One problem with being an ASP.NET developer is that it seems like the Ruby guys get all the cool toys first. I mean not only do they get all the great presentational goo like HAML and SASS, but they get all the fun testing frameworks too.

Gotta Love the Cucumber

And as testing frameworks go, there is something pretty awesome about Cucumber which is all about tying your specs to your tests.

Cucumber

I love the idea of documenting exactly what I’m going to build and then checking it off a list. There’s a great sense of progress.

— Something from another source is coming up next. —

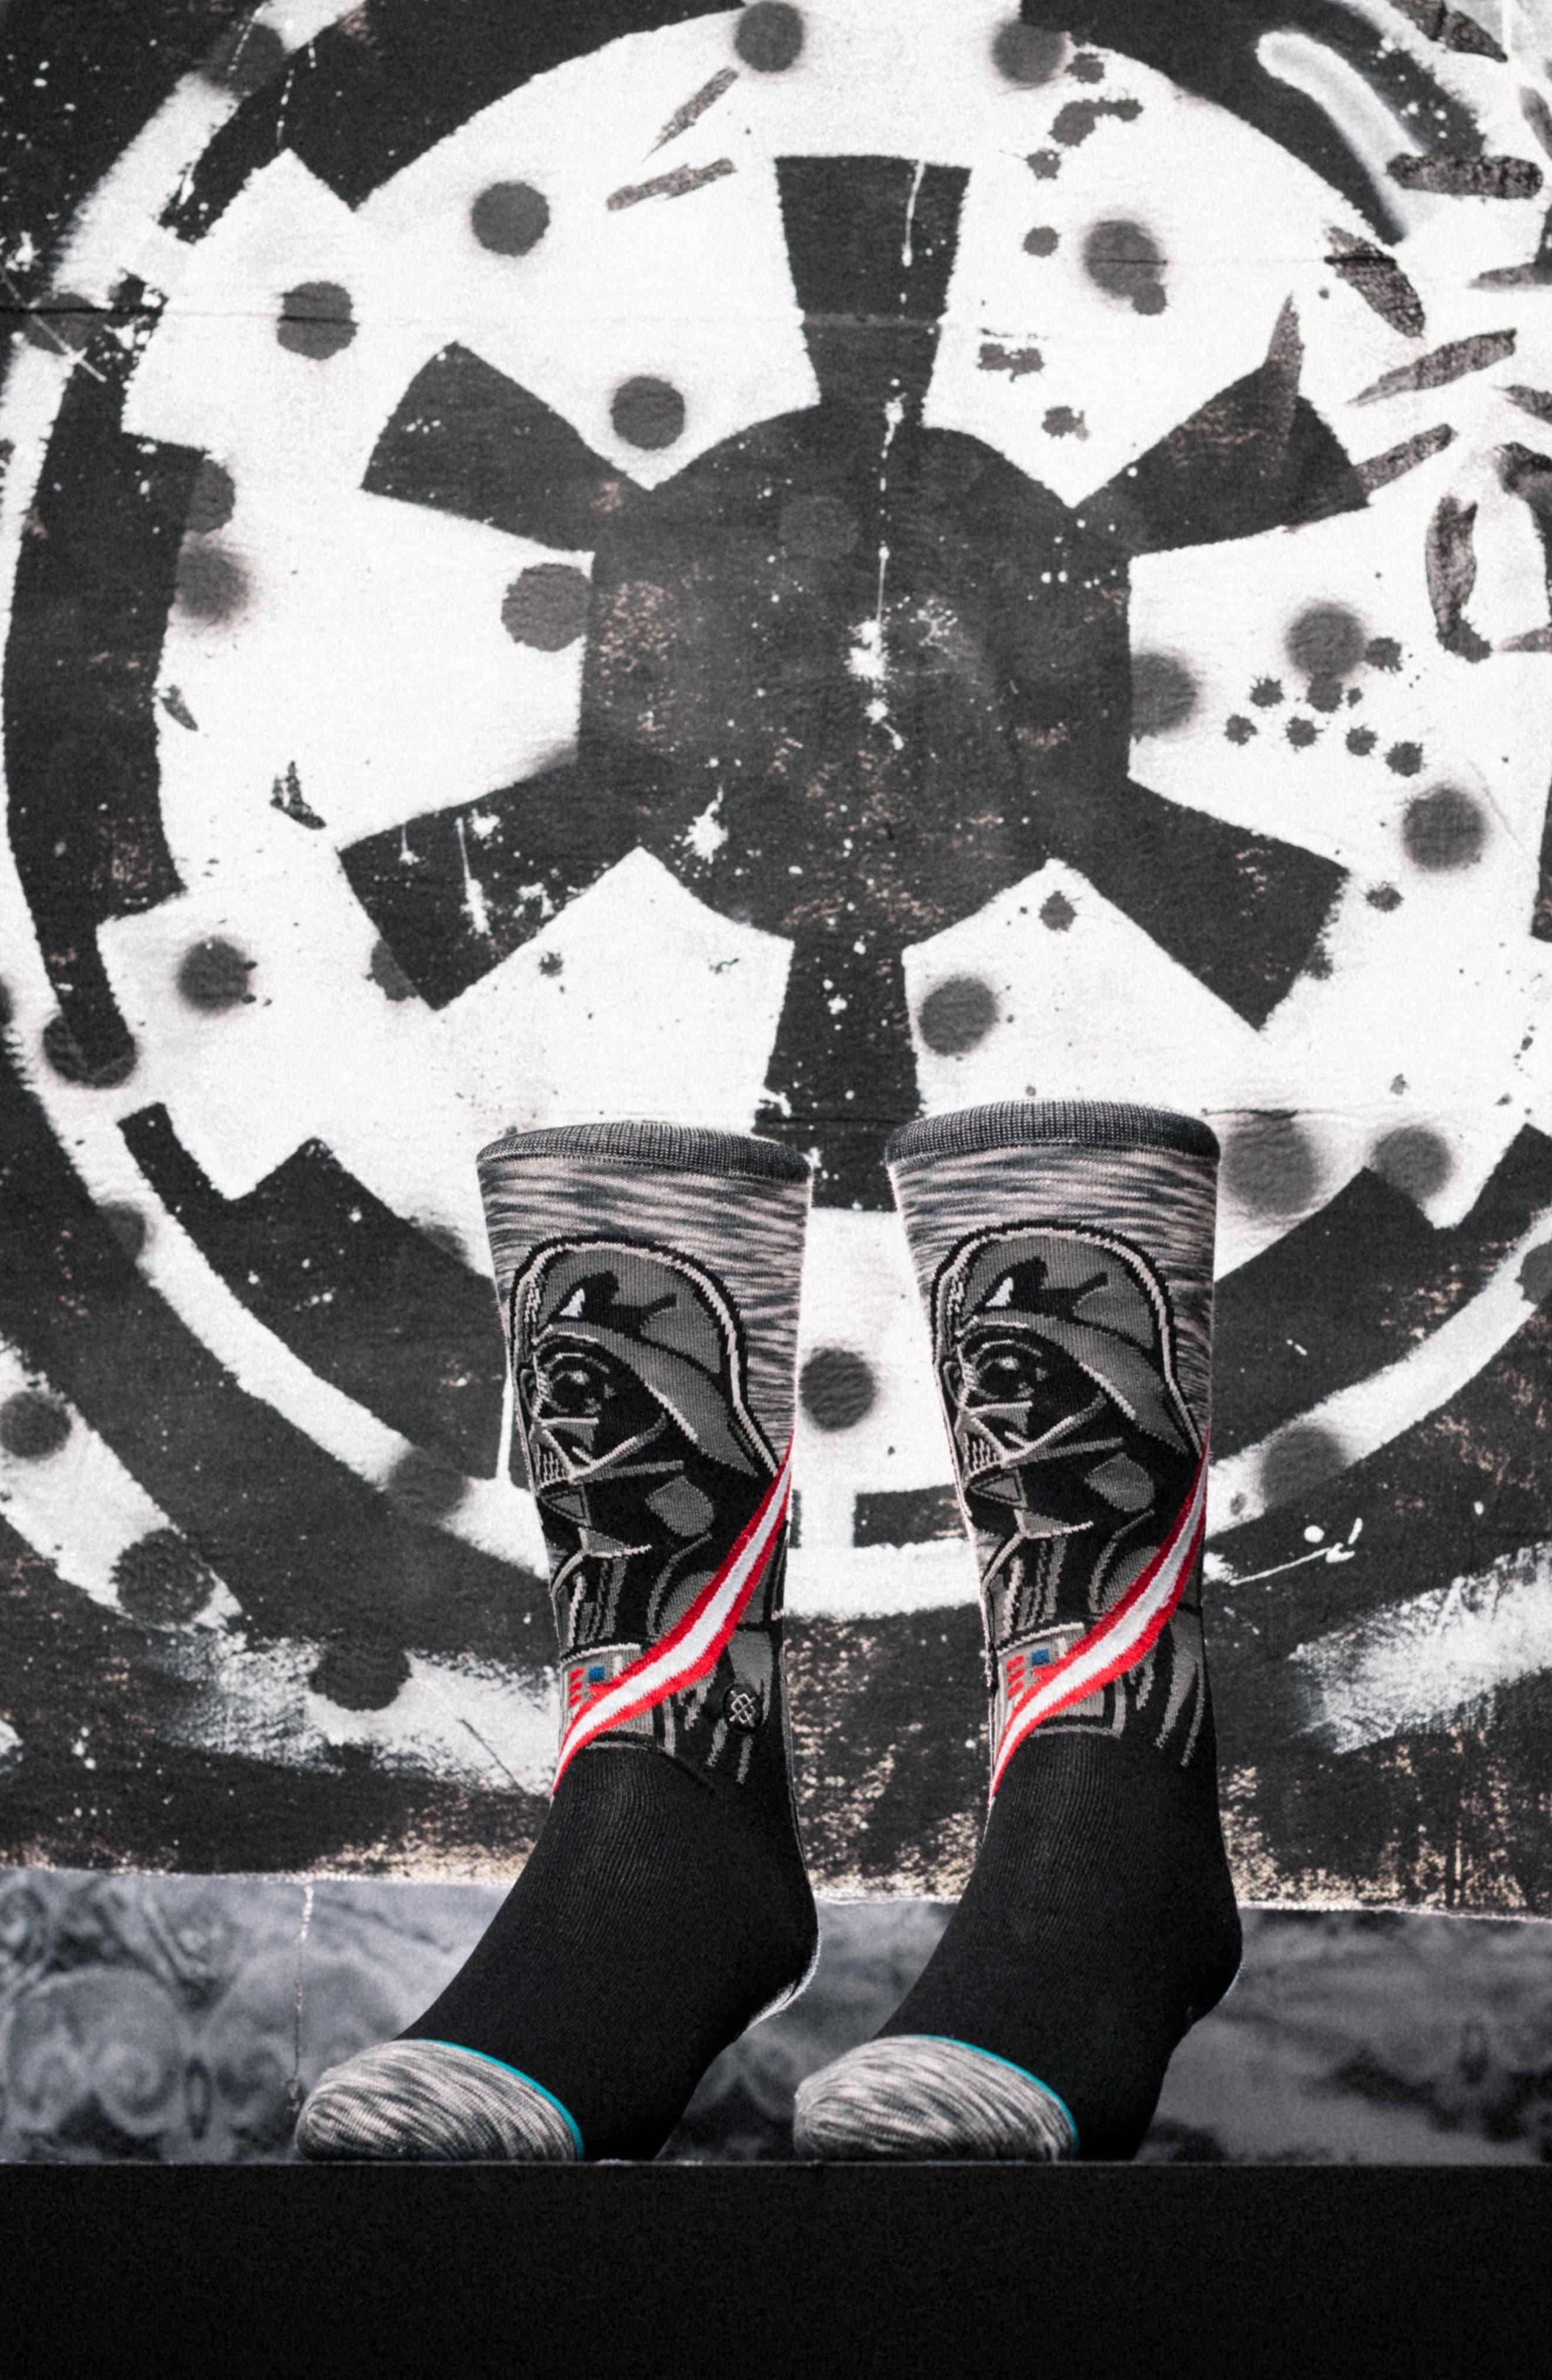 Star Wars<sup>™</sup> 6-Pack Sock Gift Set,                             Alternate thumbnail 4, color,                             Grey Multi

For those of you that aren’t familiar with the awesome cucumber framework in the Rails world, the best way is to show you an example.

Step 1: Write A Feature

Here is what a feature definition looks like in cucumber:

CucumberFeaturesCode Photo Credits: Ryan Bates’ Cucumber Screencast

If it doesn’t look like code, that’s because it really isn’t. It’s very much like writing normal language sentences that even a business analyst could understand. The idea is that you write your specs following the Gherkin syntax (note the Given/When/Then) and you tie that to tests in code.

Step 2: Tie it to Code

So we have a spec, then you tie it to code with regular expressions. For example,

Then /^I should see "(.+)"$/ do |text|
  response_body.should =~ Regexp.new(Regexp.escape(text))
end

Notice how the “text” from the feature gets passed into the testing code. So the same testing code can be reused for multiple features.

Step 3: Code Until Green

Now that your specs are tied to your test code, you simply write your actual code until all of your specs are green (ie – complete).

The nice thing is that you can see exactly where your project is at any moment. Have you completed 20% of the spec? 90% of the spec? Just run your tests to find out.

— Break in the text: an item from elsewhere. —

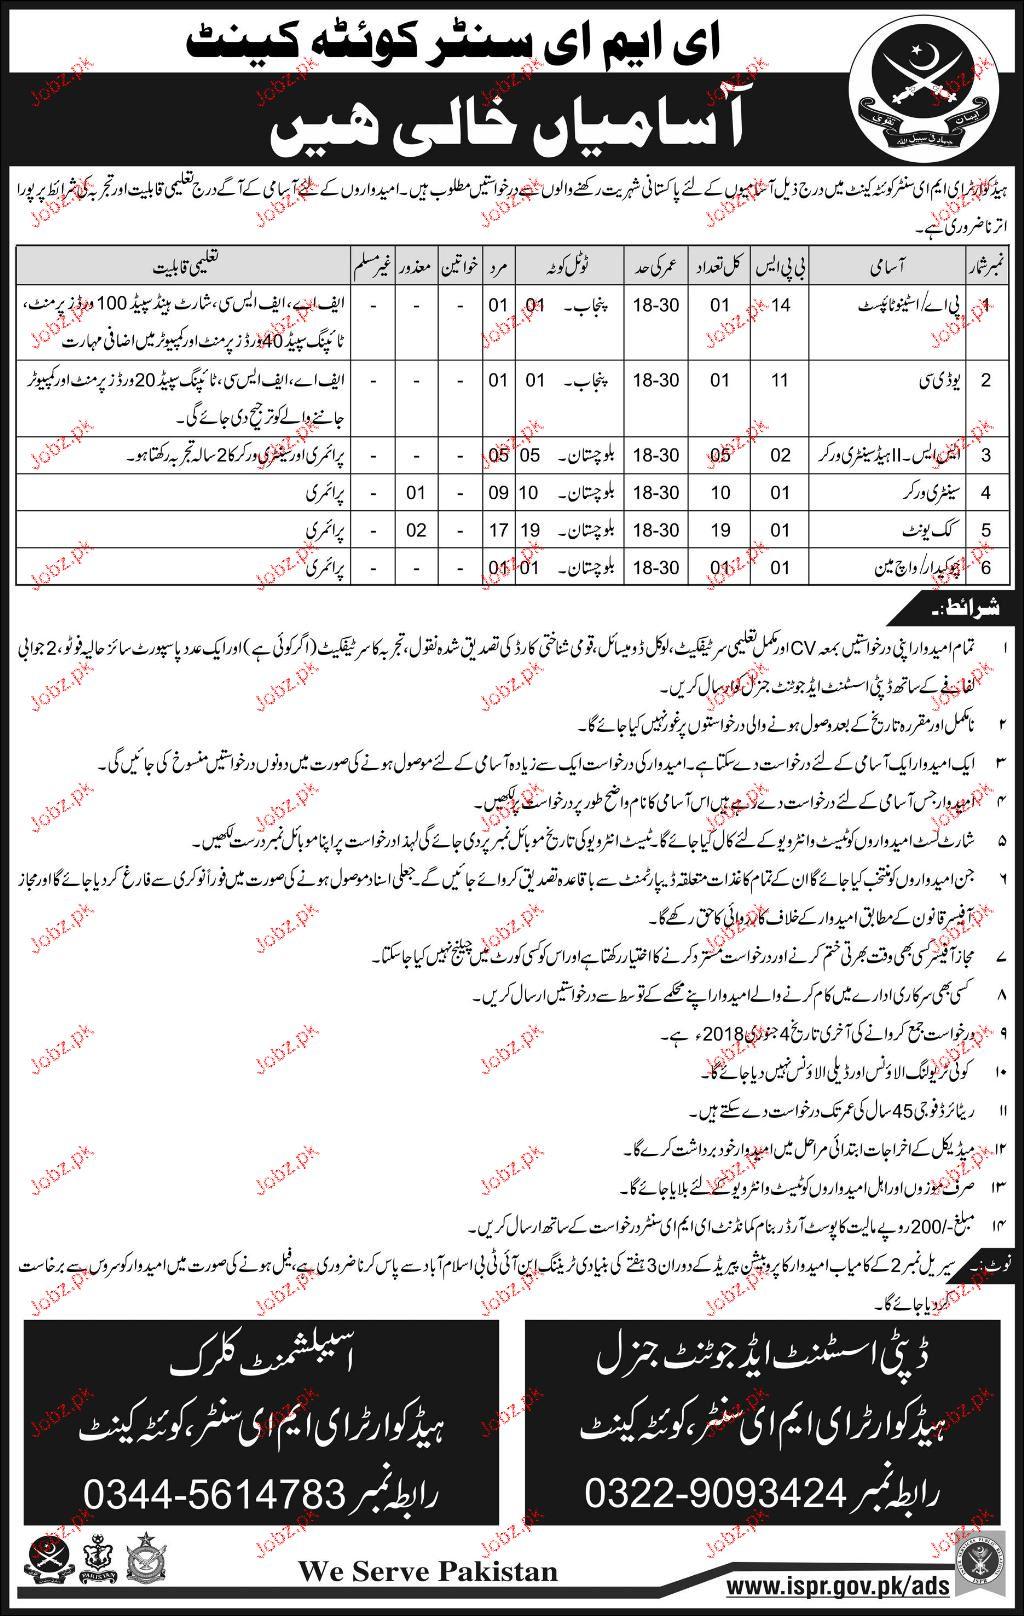 Headquarter EME Center Quetta Cant Jobs

What about for the ASP.NET Crowd?

This is all good for those hippie Rail programmers, but what about for the more practical enterprise .NET programmer?

nerd

Enter SpecFlow. SpecFlow is a clone of Cucumber for the .NET world. Can’t you tell from its much more professional sounding name? It’s enterprise-friendly!

You can get started with SpecFlow in five easy steps:

  1. Download the installer from their site – they have versions for VS.NET 2008 and 2010.
  2. Start a new solution, add a reference to TechTalk.SpecFlow.dll, and add a new SpecFlowFeature file (this template will be added to Visual Studio by step 1).
  3. Define your features in natural language using Given/When/Then Syntax
  4. Add a new SpecFlowStepDefinition file. In here, you will write the code that is tied to your features based on specialized attributes (note I’m using Watin to automate IE):
    [Given(@"I have viewed the login page")]
            public void GivenIHaveViewedTheLoginPage()
            {
                var browser = new IE();
                browser.GoTo("http://localhost:2529/TestSite/Login.aspx");
                Assert.That(browser.Title, Is.EqualTo("Welcome!"));
            }
  5. Build your solution and SpecFlow will automatically generate nUnit tests for you. Run your tests and behold your progress.

step5.PNG

Just the Beginning…

This is just the beginning of what can be done with SpecFlow, but I hope it whets your appetite enough to try it out. And if you’re dying for other examples a few others have posted some details on this topic as well:

2 Comments » for Getting Started with SpecFlow in ASP.NET
  1. Normanpaterson says:

    Fantastic article, however, for an ordinary guy like me, seems like it would take time to learn and leverage it, and of course my project is due yesterday!

  2. Anonymous says:

    Yeah. This definitely falls into the category of good idea, but difficult to implement on “real” projects. In theory it would save you time later because you have tests in place and would quickly know what breaks when you change something…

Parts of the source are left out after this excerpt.